Dealing with The Holidays

Dealing with The Holidays

*This post was edited for clarity.*

dun Dun daaaaaa DUN!!!!

(in my head, there is theme music to this post.)

A few weeks before Thanksgiving, I discovered through a FB post that some stores were planning on opening Thanksgiving Eve or being open all day on Thanksgiving.  When I learned about this, I had several thoughts immediately…and then as a cooked this bit of information I had a bunch of more thoughts.

When I first learned about the shops being open on Thanksgiving, my first thought was – Great! Now the people who don’t celebrate the holiday won’t be lost, wondering what they will do all day long.  They could work, or get some errands done that they can’t get done because of school or other commitments.  My first reaction was globally minded.  I thought that the shops were opening so they could follow a more global approach to their business.  Not everyone celebrates this, so why should we close?  I tried to bring this up in conversation on the FB post, but the respondents were very emotionally invested in their anger and not feeling the open dialogue I wanted to have.  So, I left.  And went and had a conversation with Magda, from AskMoxie.

I love it when we can talk things through like this.  I have issues with places being closed for some civic holidays and not others.  I also have issues with places being closed for Christian holidays and not closed for other religious holidays (whether it be Muslim, Jewish…etc)  I hate that I have to weigh the pros and cons of pulling my child out of school for a religious holiday that isn’t on the official school calander.  My husband has to weighs the pros and cons of taking time off of work for his religious holiday.  Business don’t close for EID.  Schools don’t close for EID.  Banks are not closed on EID.  The mail still is delivered on EID.  Life goes on for the rest of society on EID.  Why shouldn’t it be the same for Thanksgiving? or Easter?

I have no grand solution.  I was just feeling frustrated and I needed to be heard.  I needed to say stuff and Magda was there to listen and argue my points back at me about how having every single holiday off wasn’t possible because we’d never get anything done.  Thats true.  But the way holidays are dealt with should be more fair.  More even.

I remember back in the stone ages when I was a wee one that the entire city shut down on EVERY holiday. Every One.  Veterans Day. Memorial Day. Good Friday. New Years Day. 4th of July. Easter. Christmas. Thanksgiving. (and the few I forgot to mention.) I remembered loving how quiet the city got because everyone was inside, spending time with their families.  Then I got older and my cousins routinely had to work on Christmas Day.  Then there was that one year I worked Easter.  We had exactly 1 customer all day, but I worked.  

Then I remember being aggravated that the University didn’t shut down when I thought it should.

Then I got used to going to school and working when a lot of people were spending time with their families.

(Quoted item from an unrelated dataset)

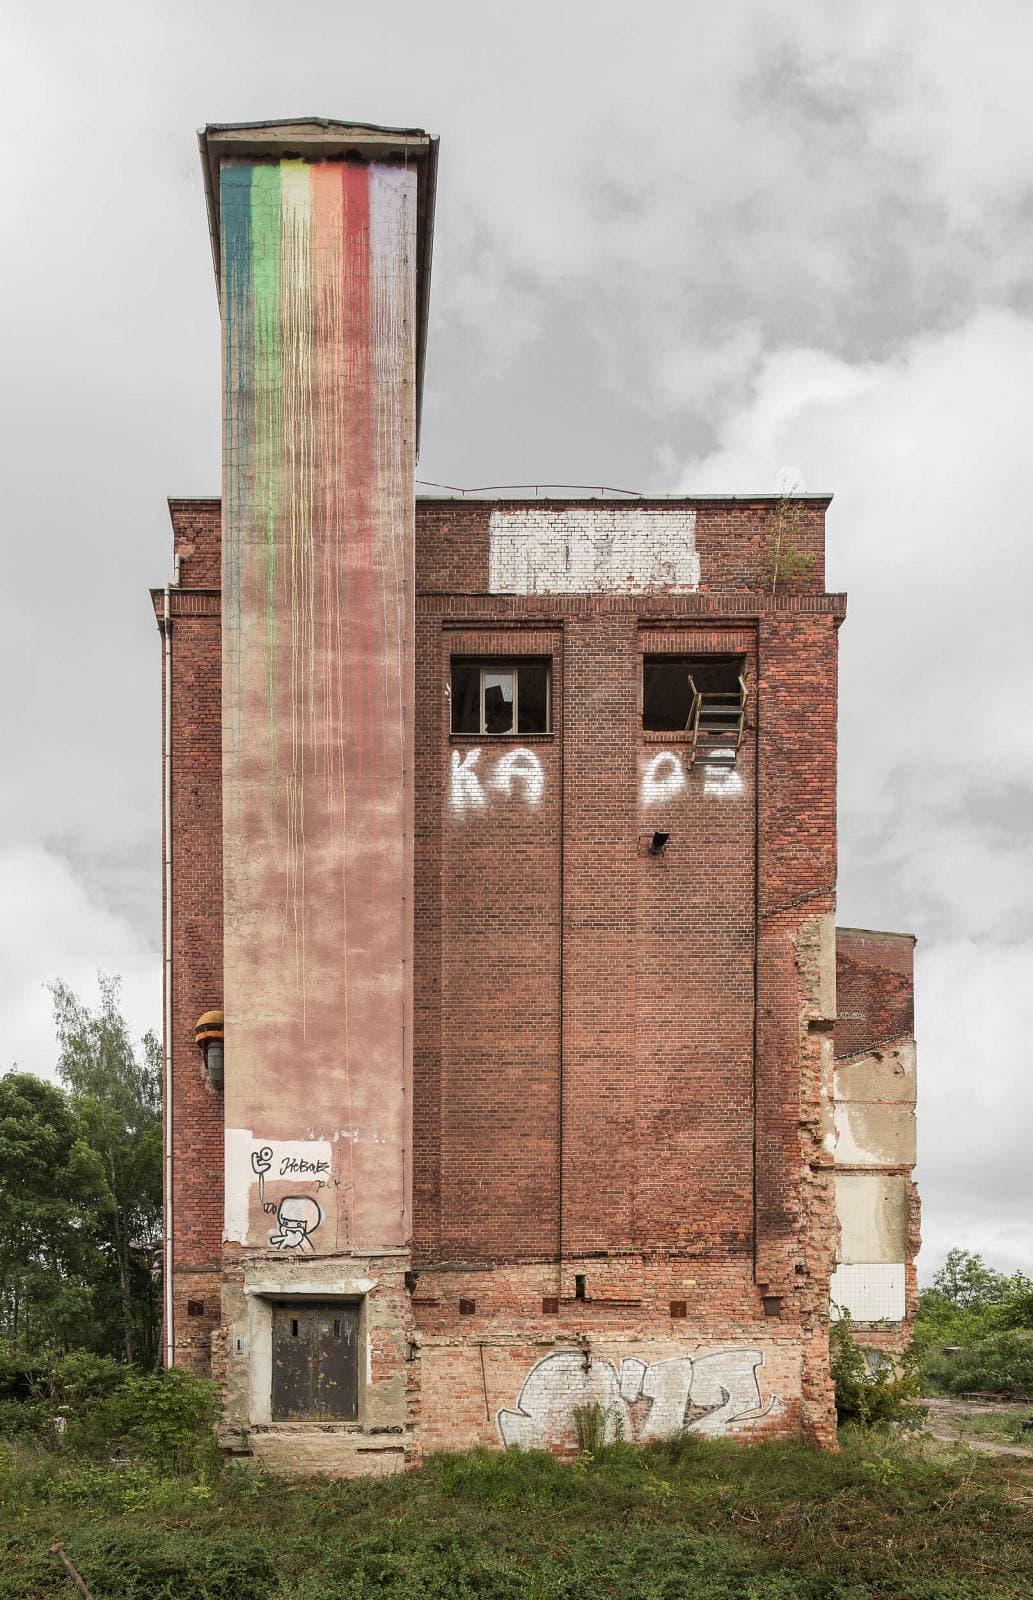 Regentaucher Architekturfotografie | Awaiting Leipzig Swiderski Süd

I was working on the last Christmas Eve my Grandmother was alive.  I missed that time with her.

The first 5 or so years of Mr. Fox’s life, Khaled didn’t take off time for Eid.  It was a regular day for him after he attended the Eid prayer by himself.

On Eid, we don’t have family** to spend time with and celebrate the holiday.  I wish there was a way to get that quietness in the city for everyone’s holidays.  So everyone would feel like their celebration is just as important.

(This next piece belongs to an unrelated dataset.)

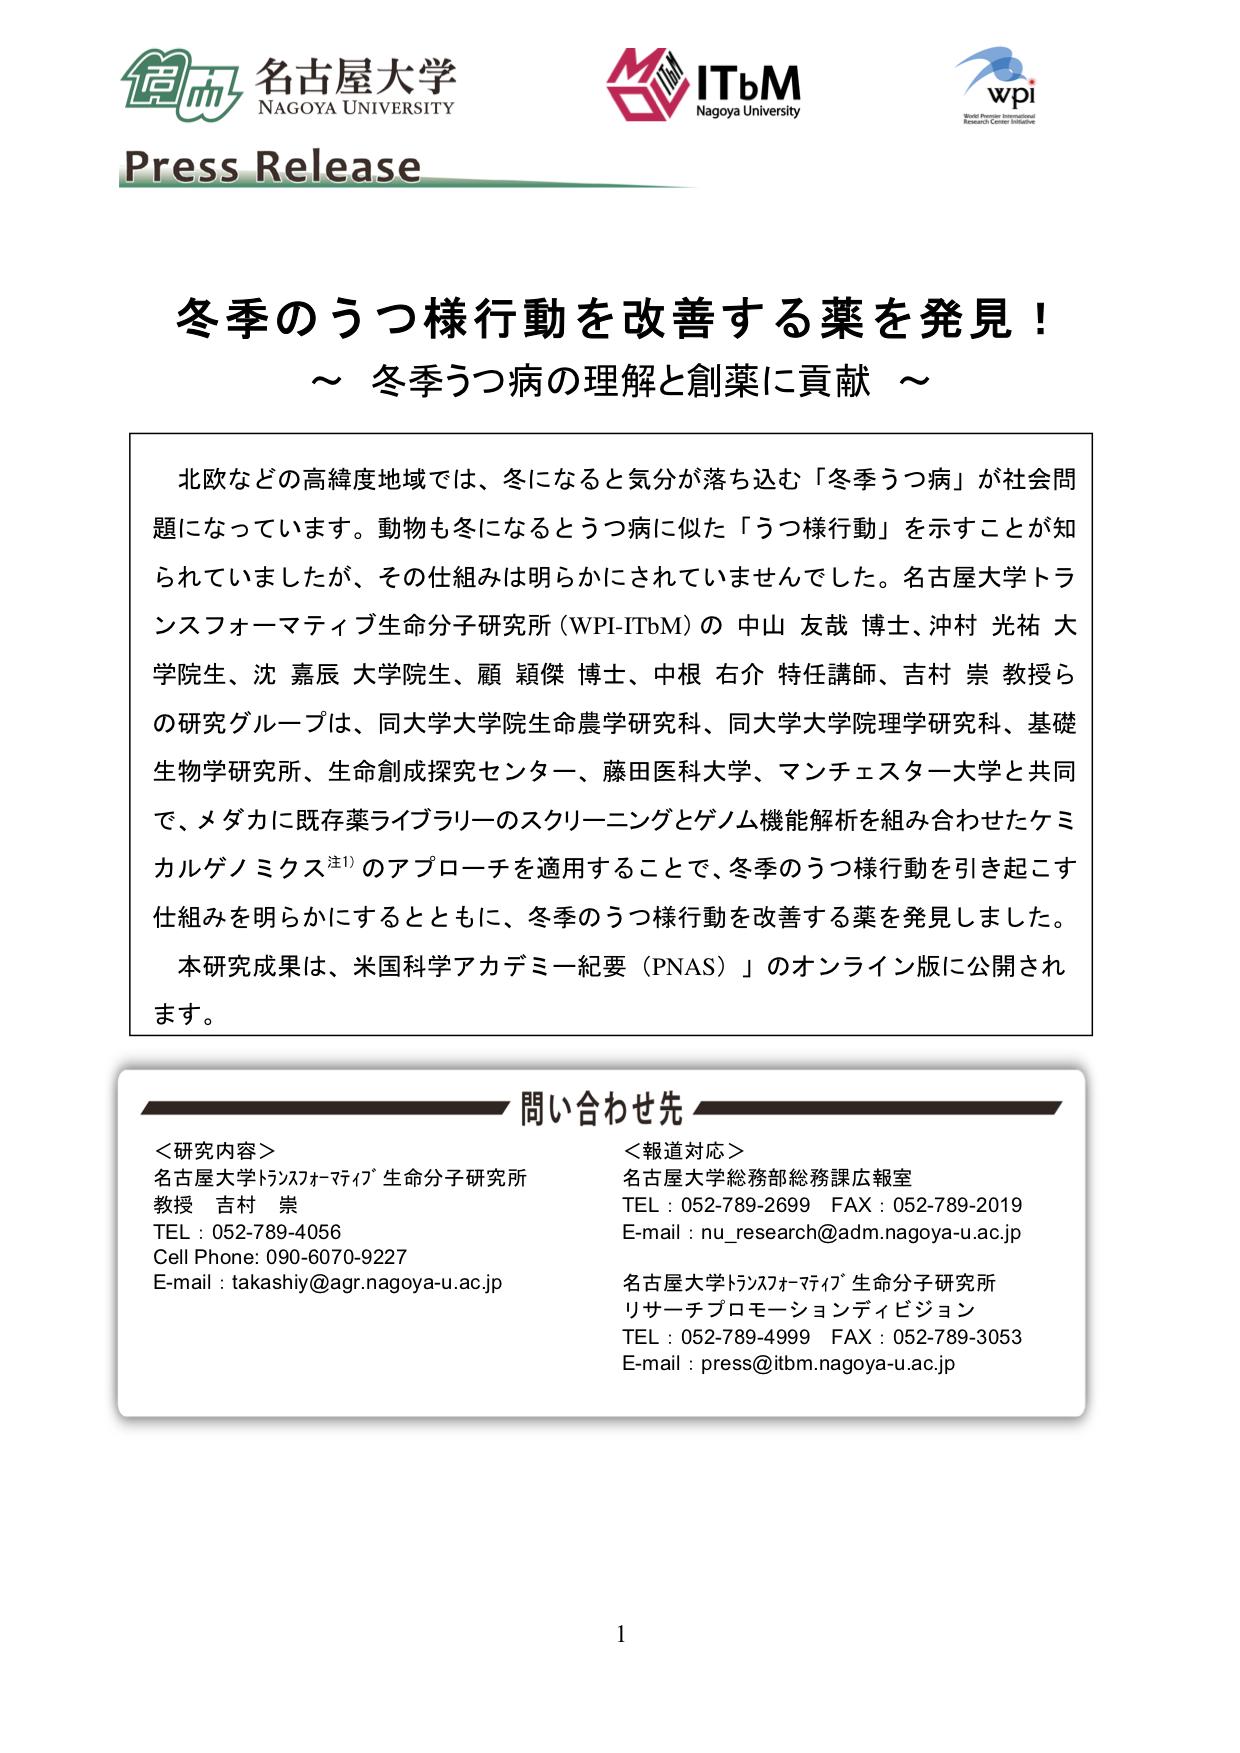 http://www.itbm.nagoya-u.ac.jp/ja/research/20200403_press_yoshimura_HP.png

That same day, Magda published a workbook about Getting the Christmas that works for You and Your Family.

As you know, I struggle with finding balance in all of the holidays we celebrate.  I didn’t grow up celebrating Eid, so every year it is a work in progress.  I’ve switched up how we celebrate Easter and Christmas, taking away the strong religious emphasis and putting more value on spending time together, and the fantasy aspects of the celebrations.  For me, there is still a very heavy emphasis on Christmas because it was my grandmother’s favorite holiday, and for many years it was my mothers.  It was the biggest deal, and the one with the most traditions.

I have had the hardest time scaling Christmas back.  So much of what I do during this holiday season is tied with my love and memories of the two most influential women in my life.  Negating any part of this holiday is like erasing a tie to them.

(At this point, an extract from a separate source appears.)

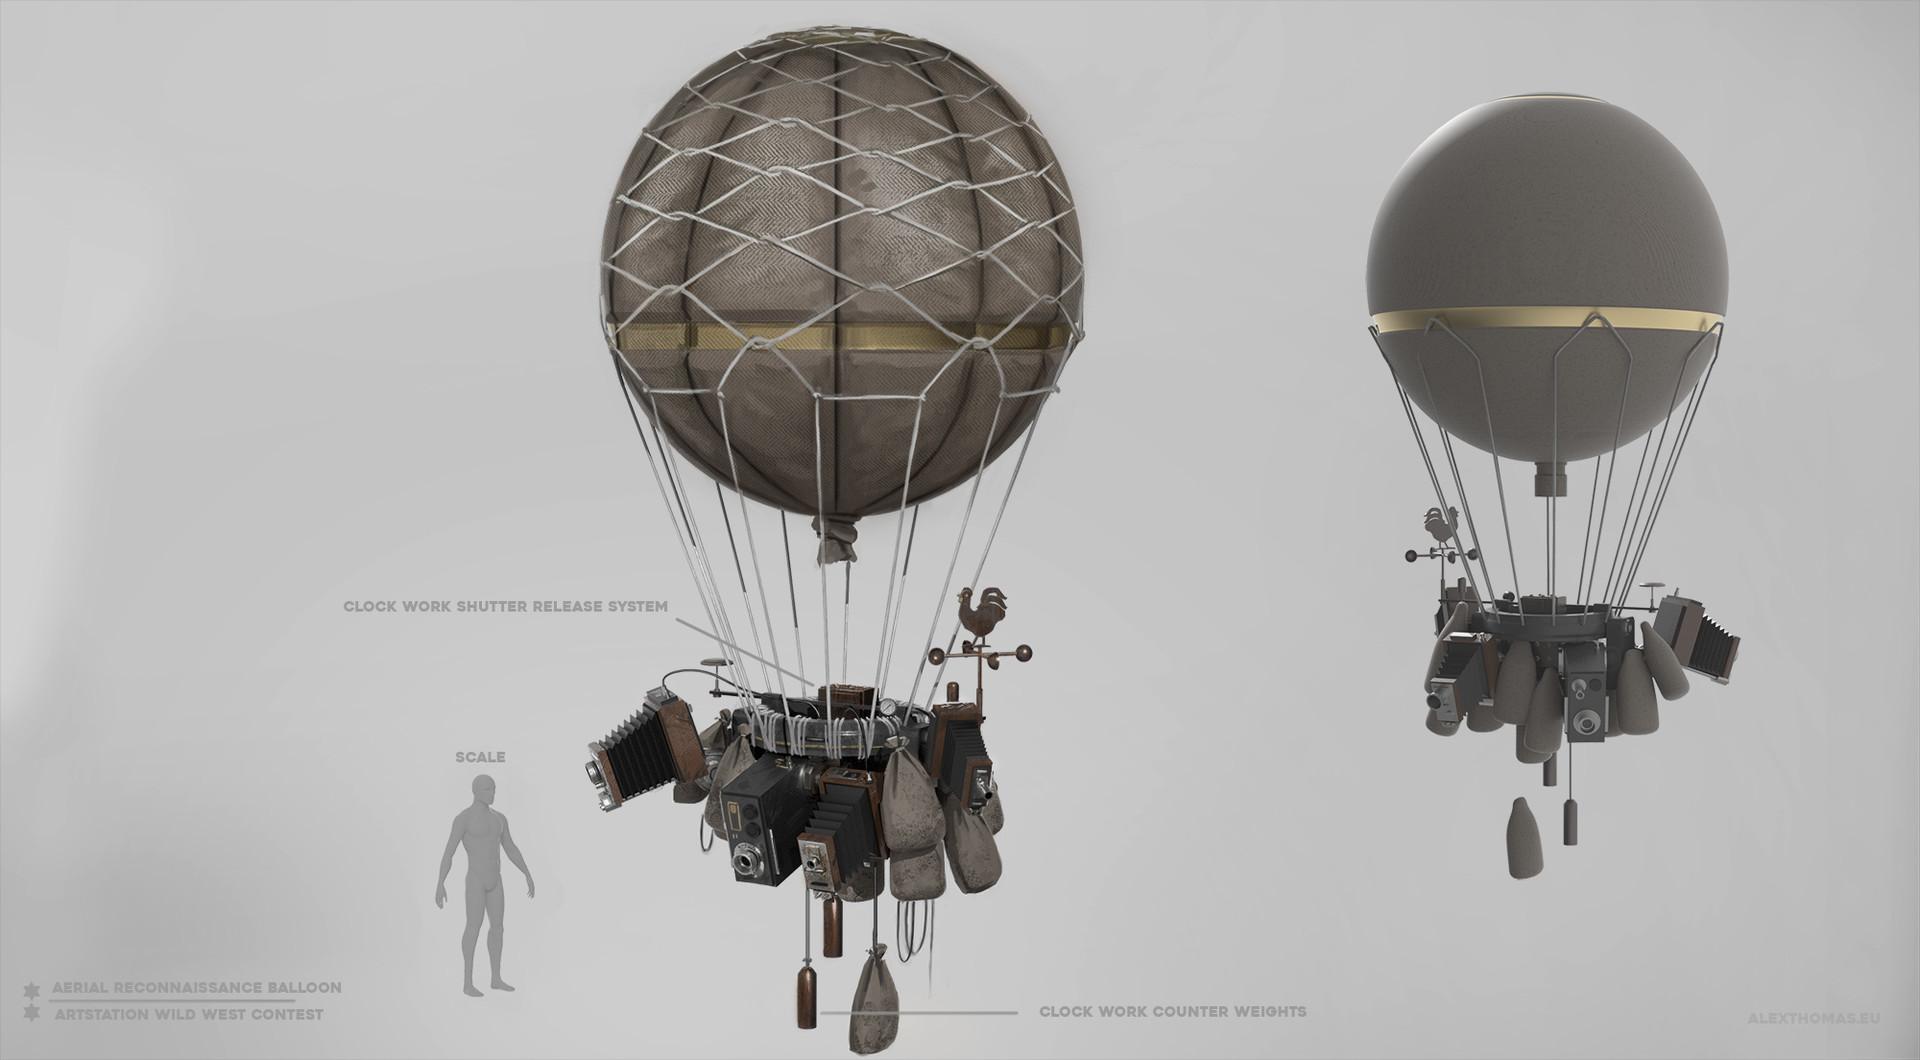 Alex thomas at wildwest aerialreconnaissanceballon fv1

I bought Getting the Christmas workbook because I needed to find a way to scale back Christmas in a way that still honors the important traditions that hold the most memories for me, while removing the stuff that we really don’t need to be doing.  While working through the questions, I dug in and reflected…I was brutally honest…and I cried.  At one point I had to stop because I was scared of taking the next step.

Then I had some clear cut ways of making Christmas more like the ways we celebrate Eid.  I took those ideas to Khaled, and we are going to try them out.  So far, I’m really comfortable with what we’ve decided to do for The Holidays this year.  I’ll most likely be talking about it all here, so I thought you might like to know how I got there.

You can get the Christmas Workbook over on Christmased.com.  I’m probably going to re-do this workbook for every holiday now so I can make the Memorial Day celebration that Works for Me and My Family.  Instead of what we currently do – nothing.

Take a look, let me know what you think.  Share this with anyone you can think of who would benefit.  Be gentle with yourself.

Happy Thursday!

**Muslim family. We have Christian family to celebrate with, but we’ve not been celebrating Eid with them.